Polypharmacy, the use of multiple medications, is a significant concern among the elderly population. As individuals age, they are more likely to suffer from multiple health conditions such as obesity, diabetes, heart diseases, and arthritis. Compared to younger individuals, the elderly are more vulnerable to adverse drug reactions due to metabolic changes and reduced drug clearance associated with aging. Moreover, the risk of drug-drug interactions increases with the use of multiple medications. Consequently, polypharmacy in the elderly is associated with various complications, including frailty and negative health outcomes.

Frailty is a state of increased vulnerability to stressors resulting from a decrease in physiological reserves in multiple organ systems, leading to limited capacity to maintain homeostasis. Studies have found a link between polypharmacy and the incidence of frailty in the elderly population over an eight-year follow-up period. Elderly individuals using multiple medications have a higher risk of frailty compared to those taking fewer medications. Additionally, frailty is associated with polypharmacy as it exacerbates the development of frailty by negatively affecting factors related to frailty such as weight loss.

To address the issue of polypharmacy in the elderly population, interventions such as non-pharmacological strategies and deprescribing have been proposed. Non-pharmacological interventions, such as therapeutic activities like art, music, pets, and aromatherapy, can help reduce the demand for psychoactive medication and modify behavioral episodes. These interventions can be particularly effective in managing chronic conditions and reducing the need for medication in older adults.

Another important intervention is to ensure that every medication has a clear indication or diagnosis for which it has been prescribed. This practice, known as safe prescribing, encourages healthcare professionals to carefully evaluate the necessity of each medication and avoid unnecessary polypharmacy. Furthermore, deprescribing, which involves examining the risk versus benefit of medication, is important to reduce the chances of polypharmacy complications. Deprescribing involves discontinuing medications that may no longer be needed or adjusting dosages to minimize potential harm.

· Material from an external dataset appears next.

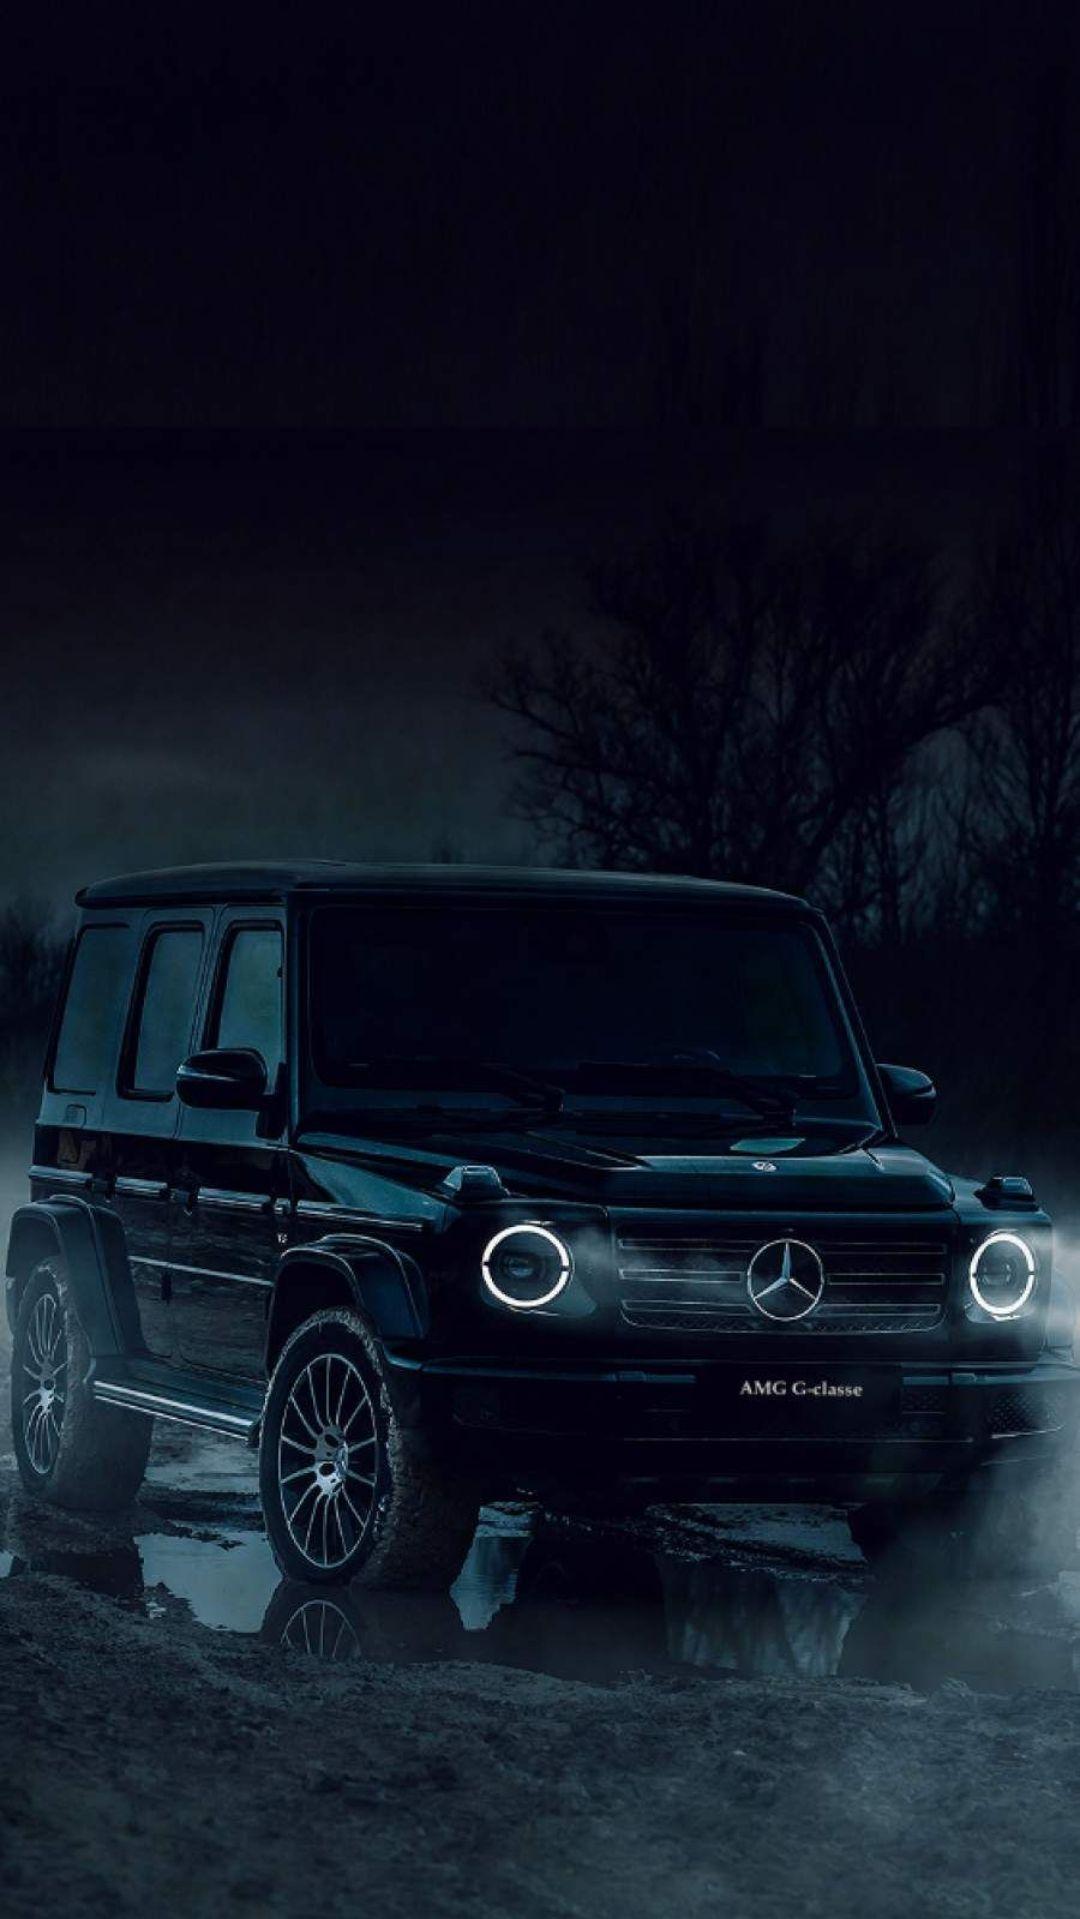 Free download Mercedes Benz G Class Wallpapers Top 35 Best Mercedes ...

In conclusion, polypharmacy is a significant concern among the elderly population and is associated with various complications, including frailty. As individuals age, they are more vulnerable to adverse drug reactions and drug-drug interactions. Non-pharmacological interventions and deprescribing have been suggested as interventions to address polypharmacy in the elderly. Non-pharmacological strategies like art, music, pets, and aromatherapy can help reduce the need for psychoactive medication. Additionally, safe prescribing and deprescribing practices can help minimize the risks associated with polypharmacy. By implementing these interventions, healthcare professionals can better manage medications in the elderly population and improve their overall health outcomes.